Data segment:
· · · ·

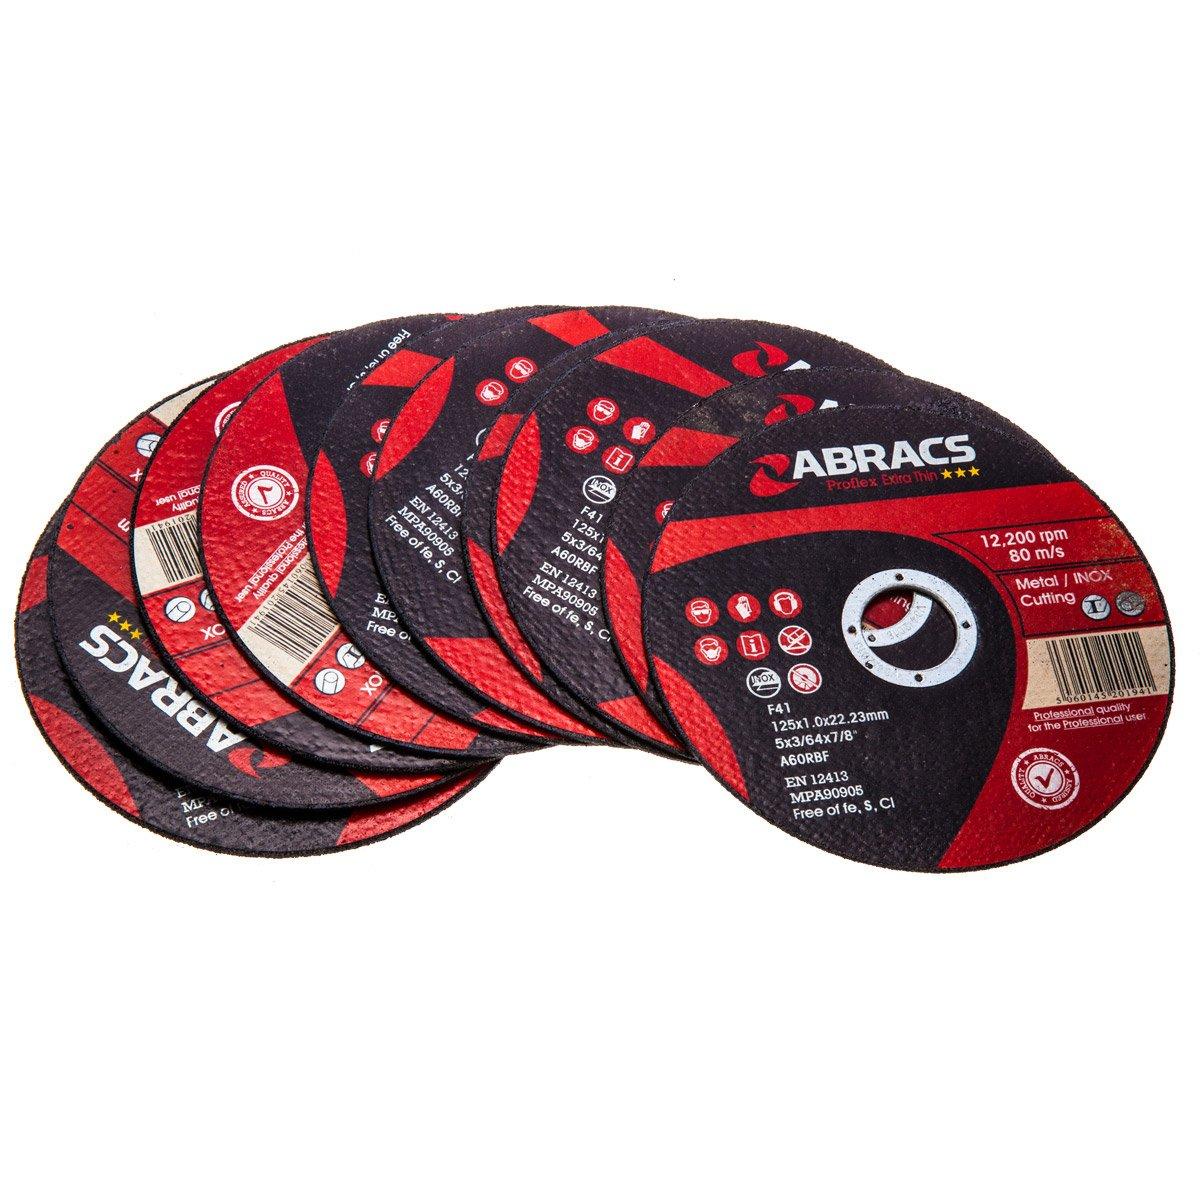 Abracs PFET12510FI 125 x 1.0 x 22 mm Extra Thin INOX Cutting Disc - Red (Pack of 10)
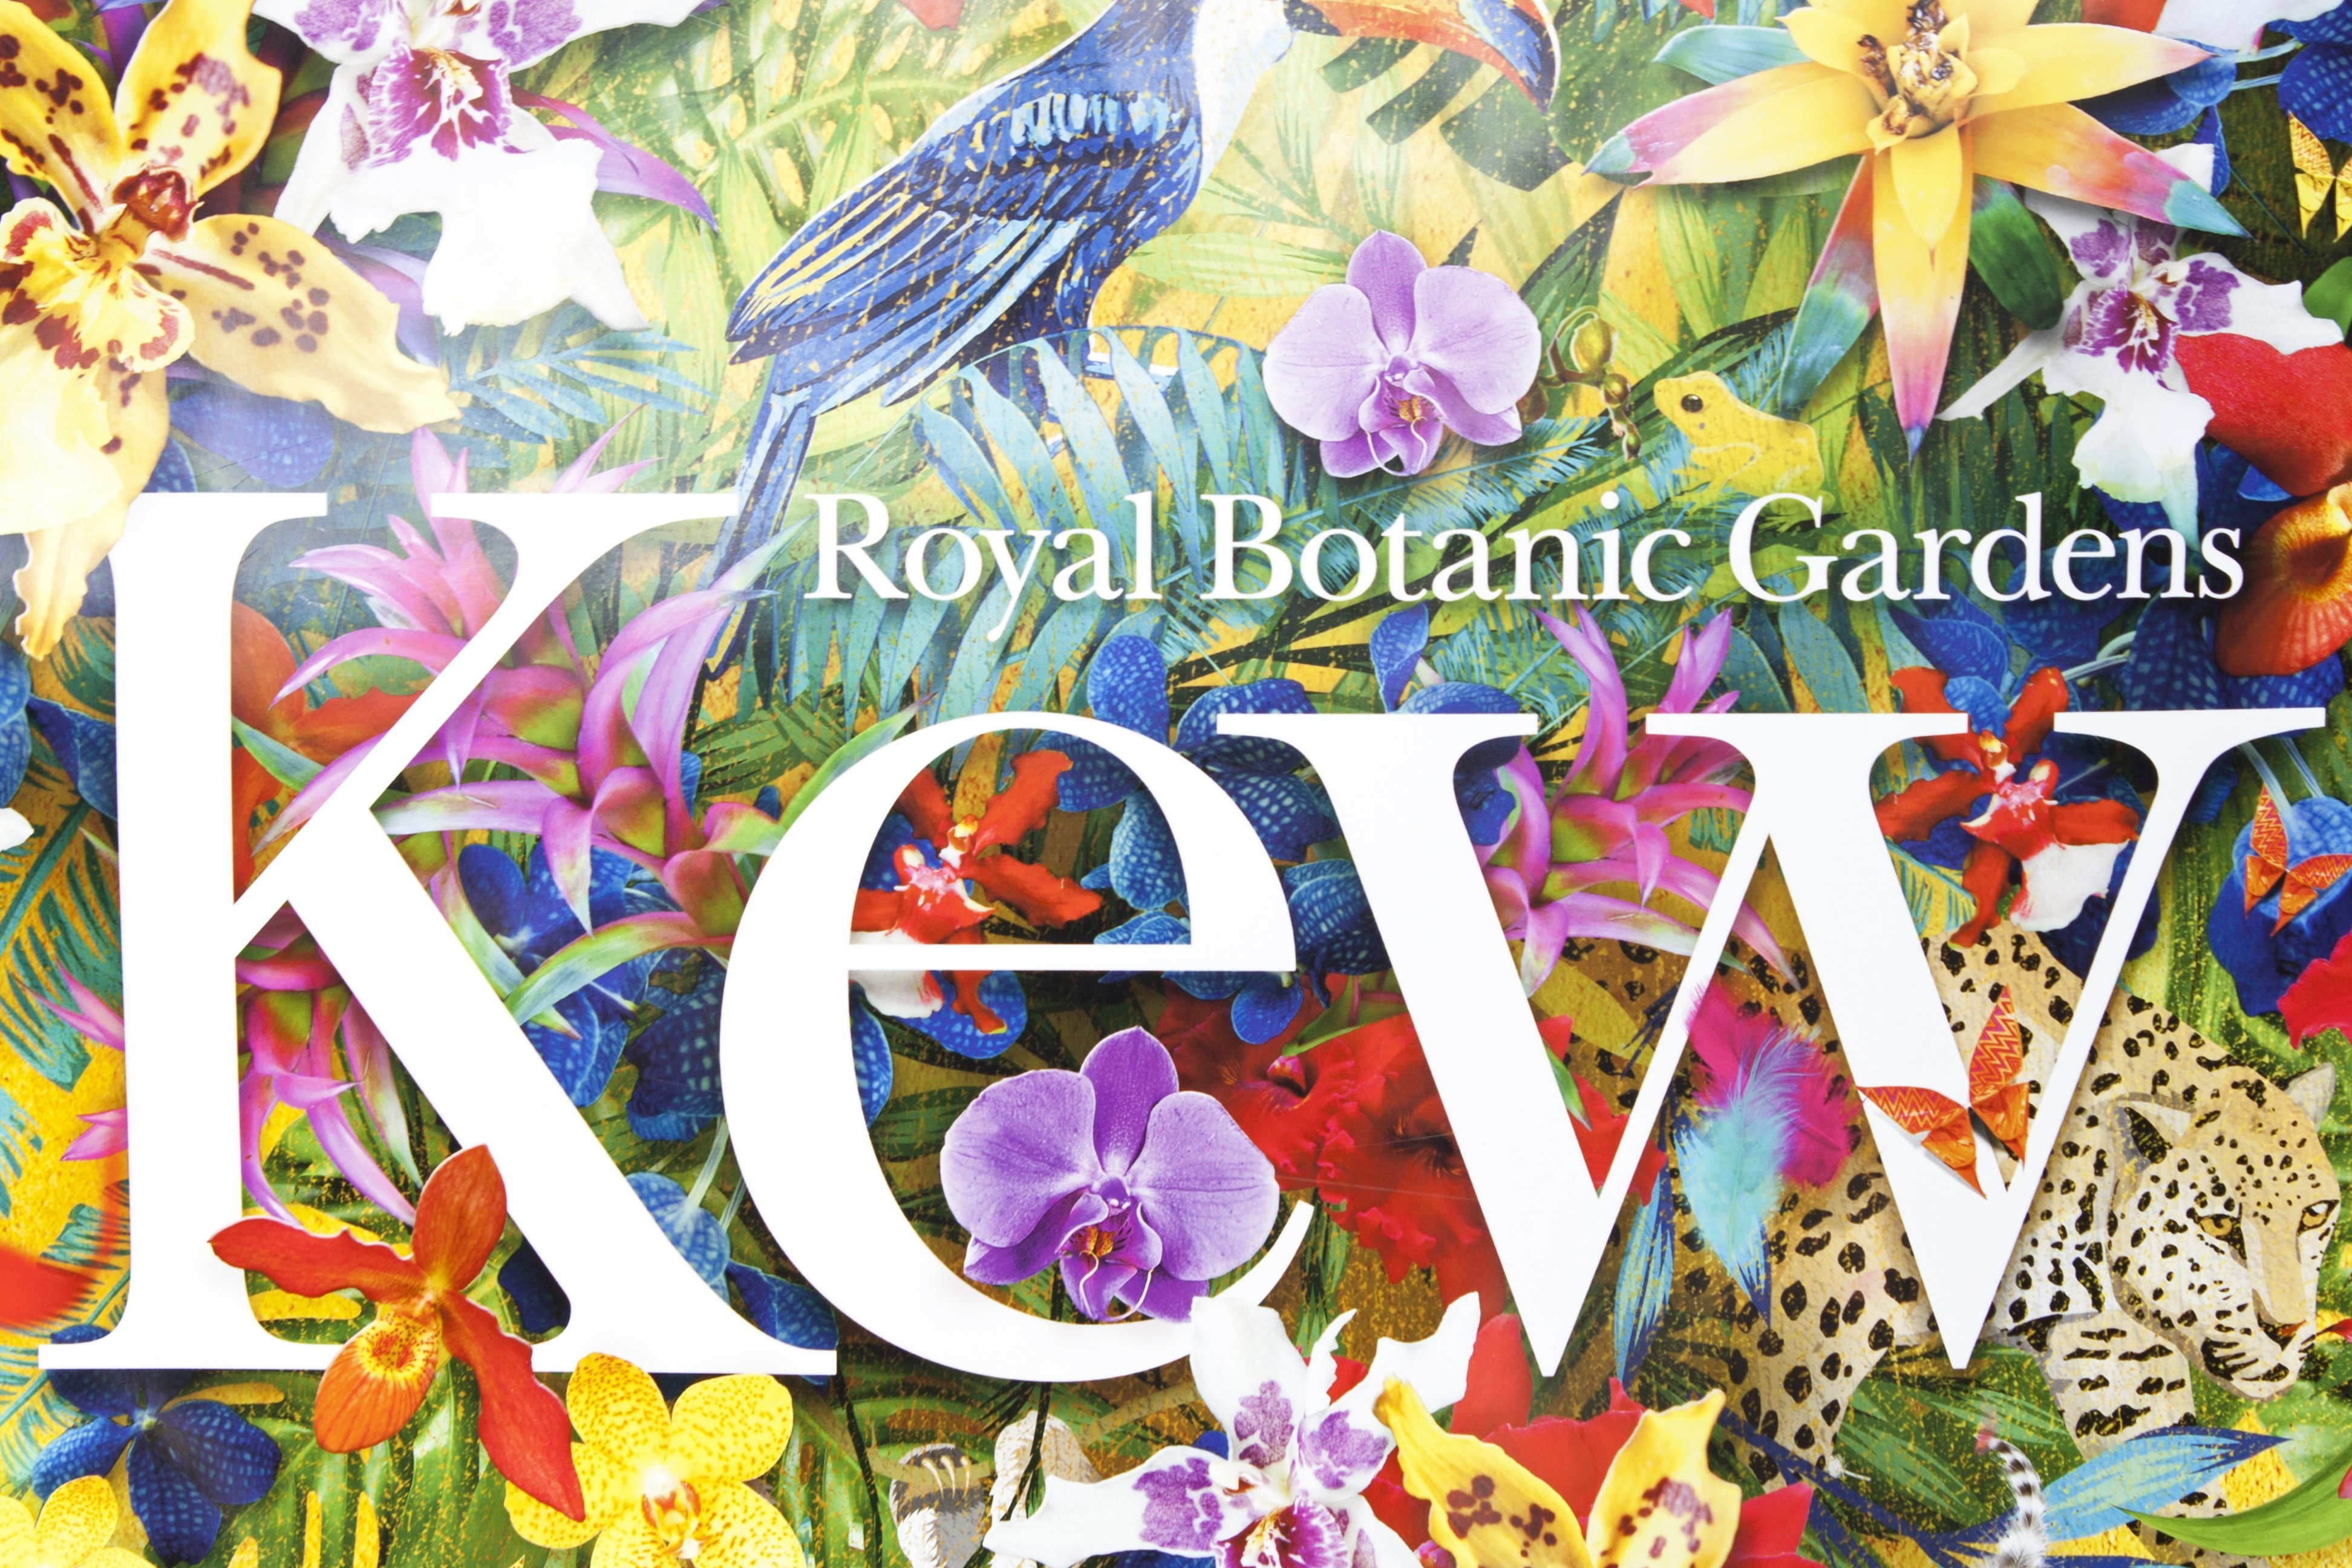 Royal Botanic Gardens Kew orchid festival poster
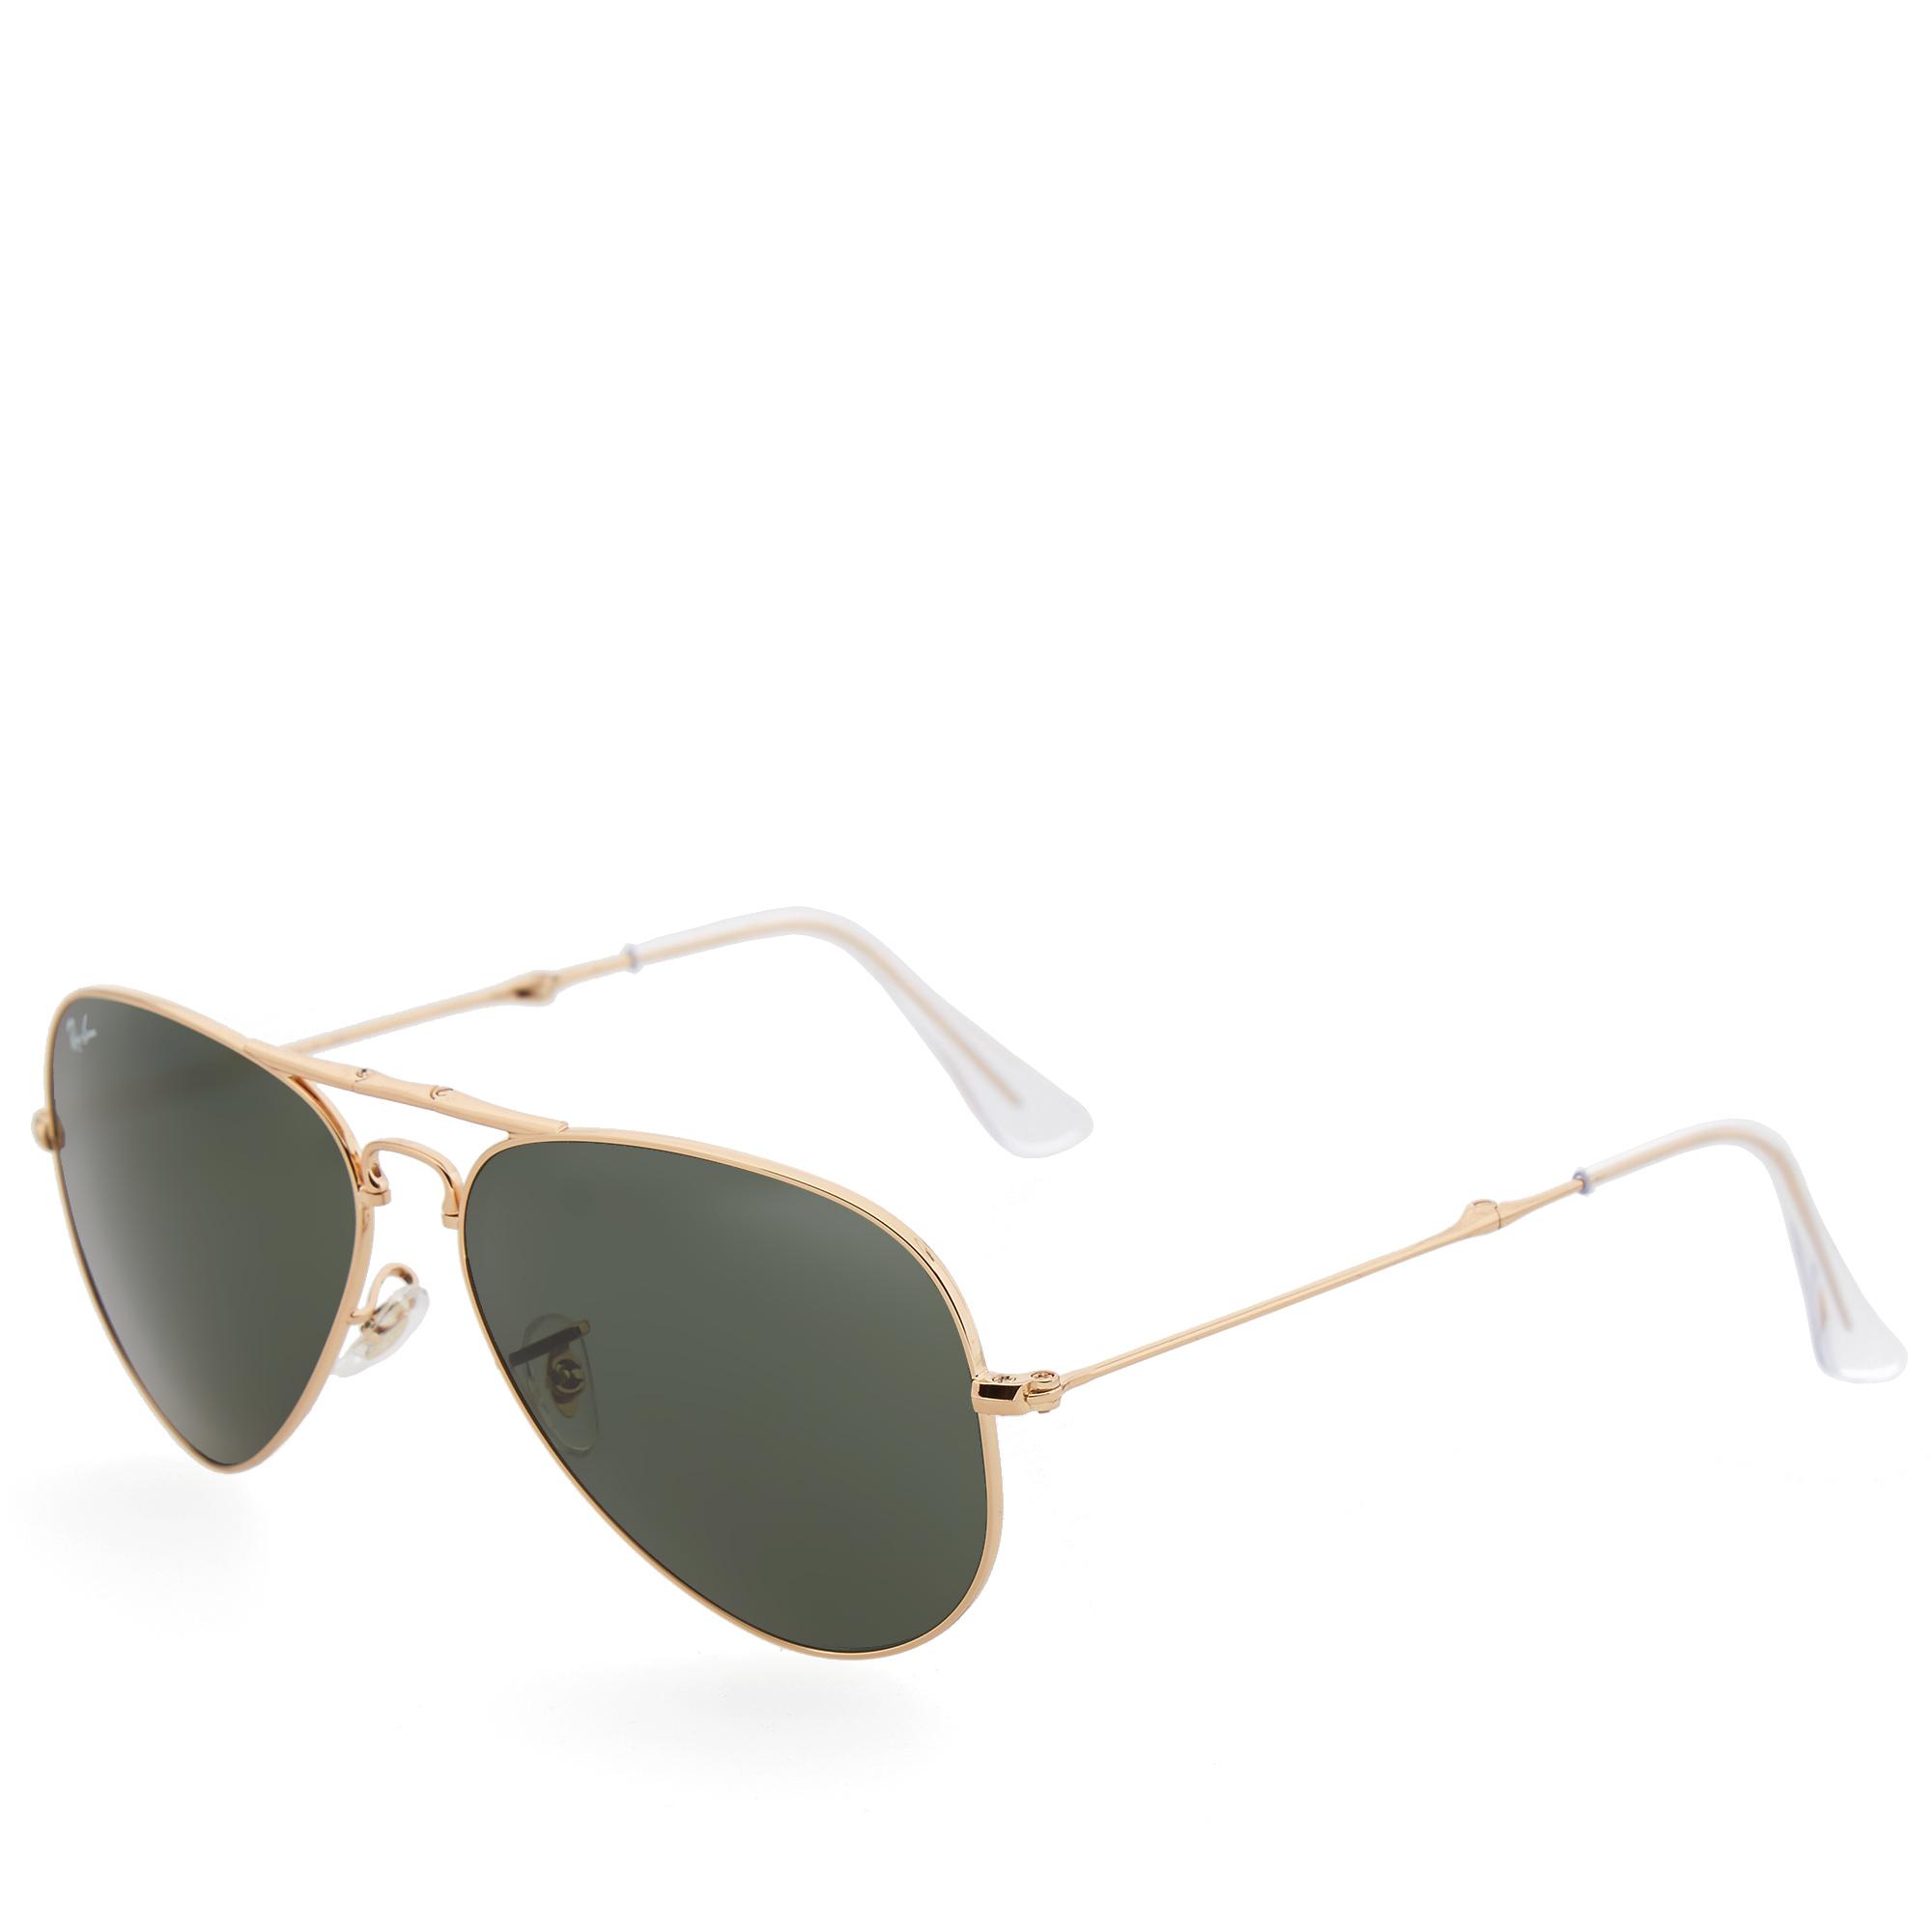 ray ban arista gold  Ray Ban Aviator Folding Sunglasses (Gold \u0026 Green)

· · · ·

Work order: All of the material above is to be retyped verbatim, with its pictures omitted.

Output of the task:
 Abracs PFET12510FI 125 x 1.0 x 22 mm Extra Thin INOX Cutting Disc - Red (Pack of 10)
 Royal Botanic Gardens Kew orchid festival poster
 ray ban arista gold  Ray Ban Aviator Folding Sunglasses (Gold \u0026 Green)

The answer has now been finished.